==== SOURCE MATERIAL ====

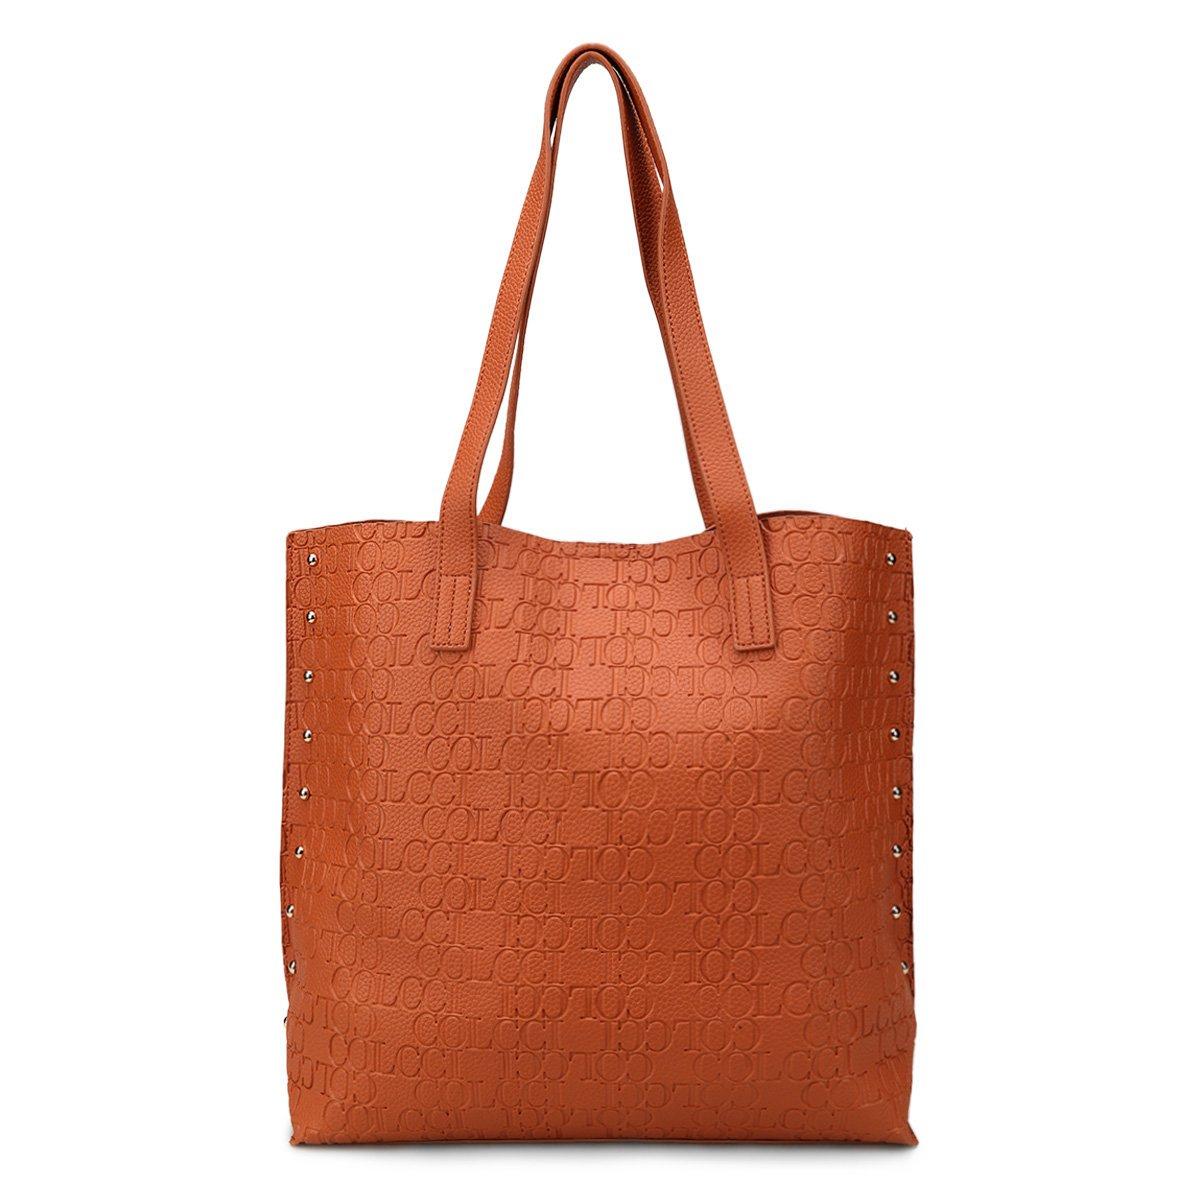 Bolsa Feminina Rusty : Bolsa carteira feminina colcci carteiras femininas
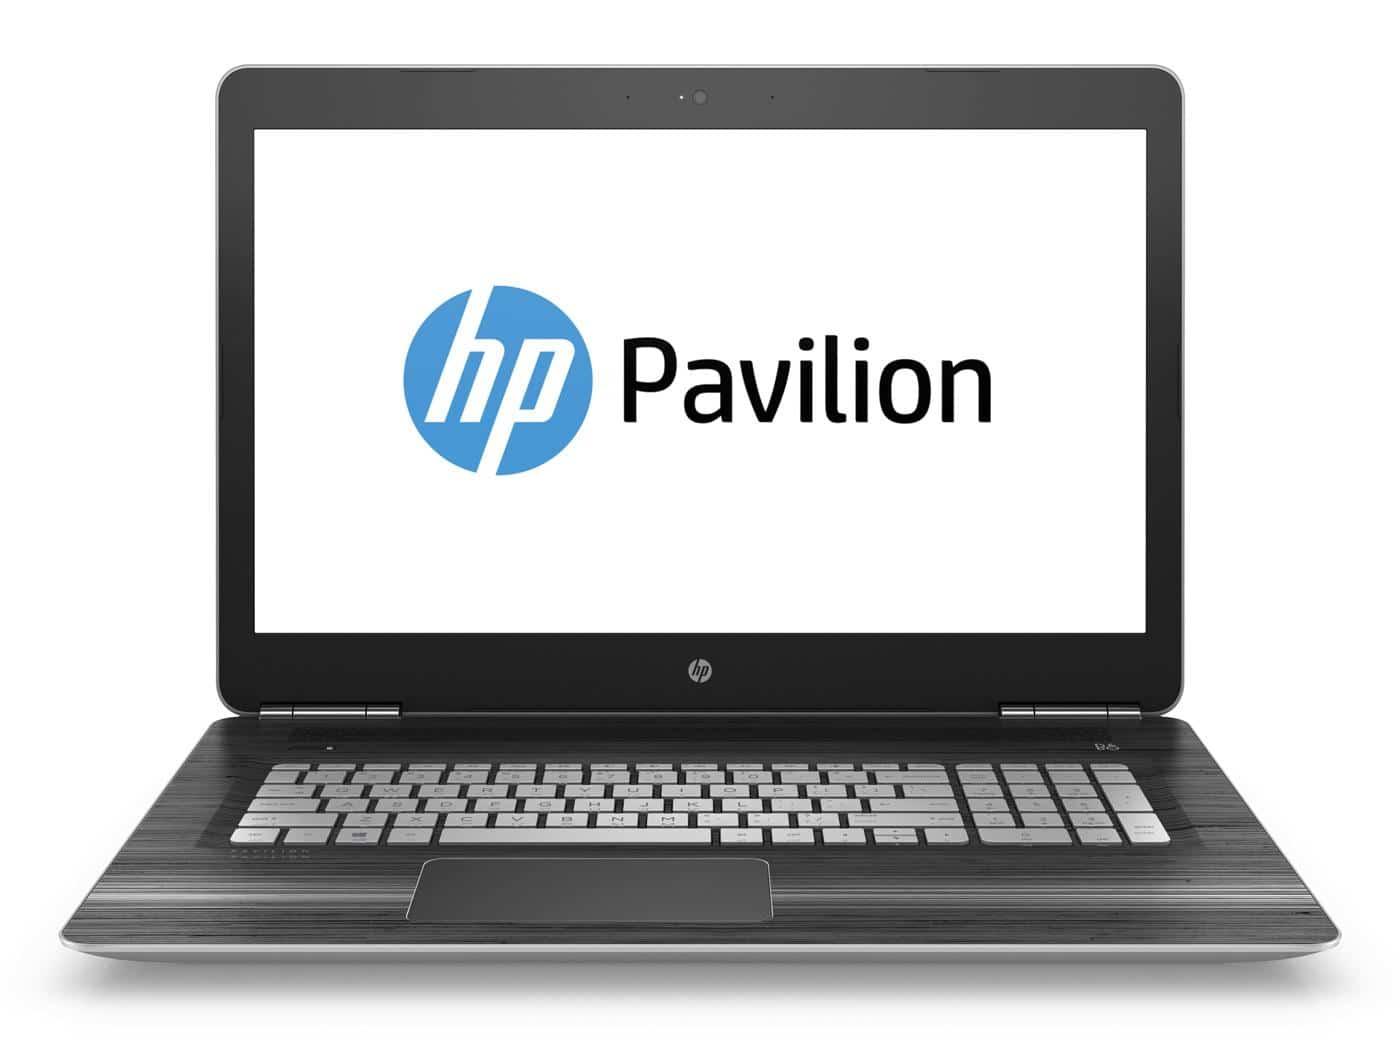 "<span class=""toptagtitre""><del>Promo 990€ ! </span></del>HP Pavilion 17-ab206nf, PC 17 pouces SSD Quad i7 GTX 1050 Full IPS"
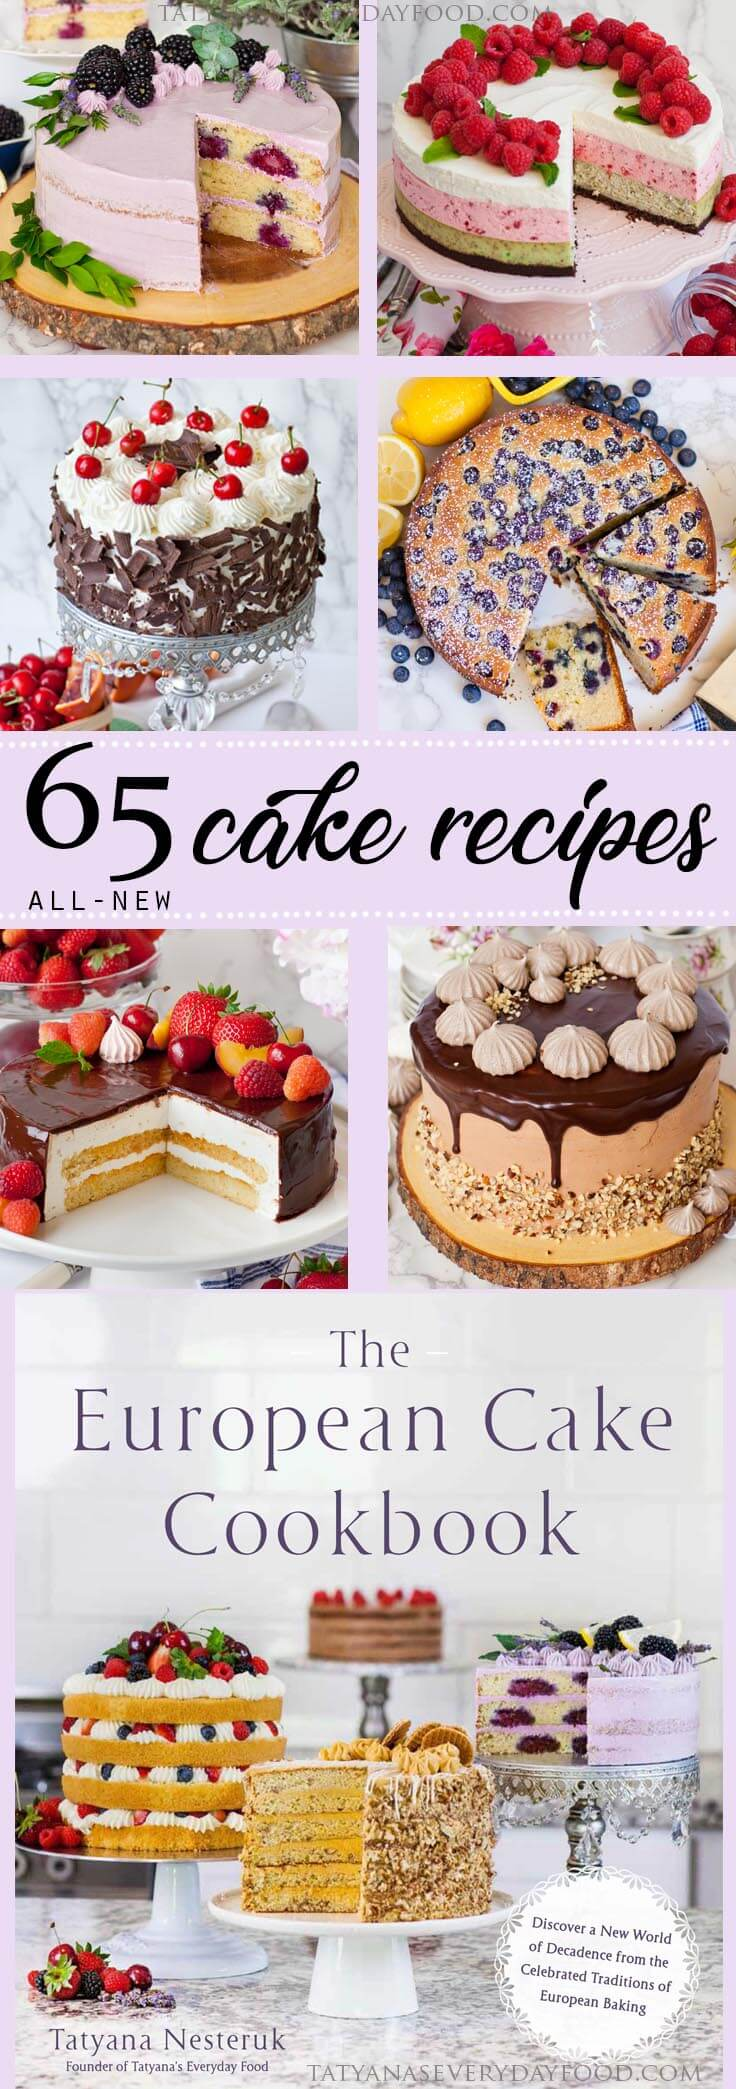 Tatyana S Everyday Food Cakes
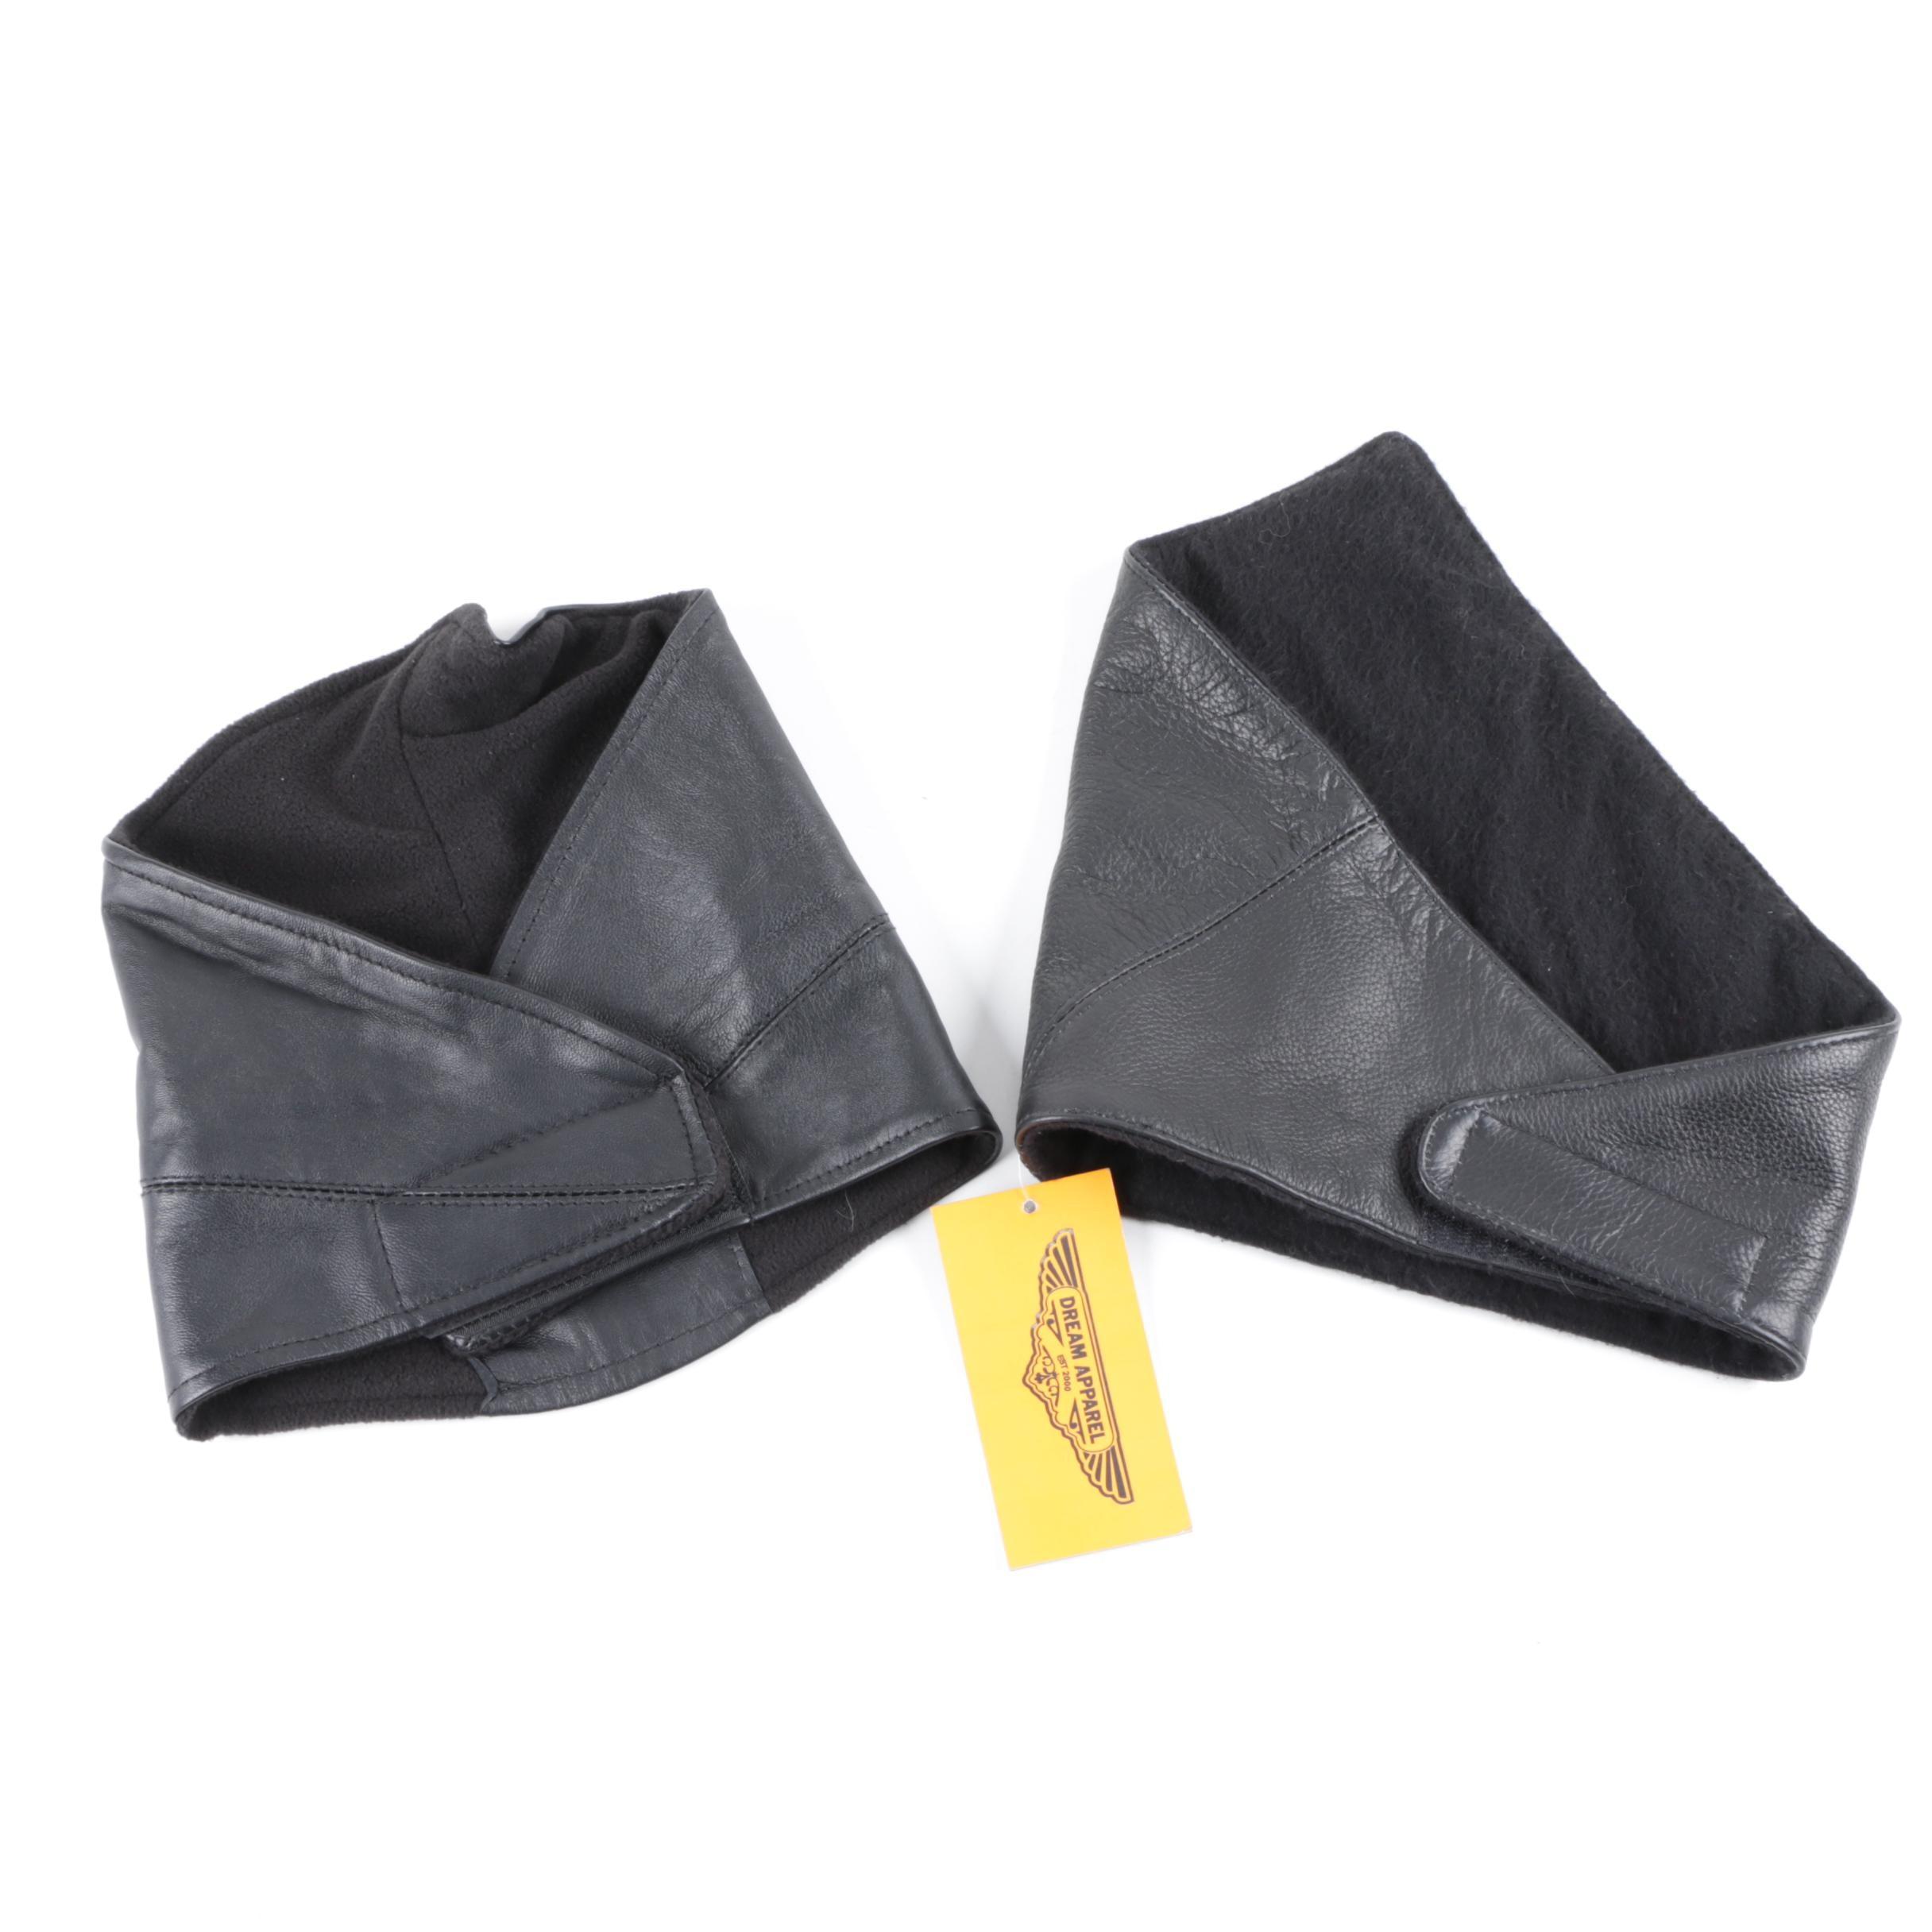 Dream Apparel Black Leather Motorcycle Half Masks

====

**WORK TO COMPLETE**
The copy must match every line of the data exactly and contain no pictures.

**EXERCISE OUTPUT**
 Bolsa Feminina Rusty : Bolsa carteira feminina colcci carteiras femininas
 "<span class=""toptagtitre""><del>Promo 990€ ! </span></del>HP Pavilion 17-ab206nf, PC 17 pouces SSD Quad i7 GTX 1050 Full IPS"
 Tatyana S Everyday Food Cakes
 Dream Apparel Black Leather Motorcycle Half Masks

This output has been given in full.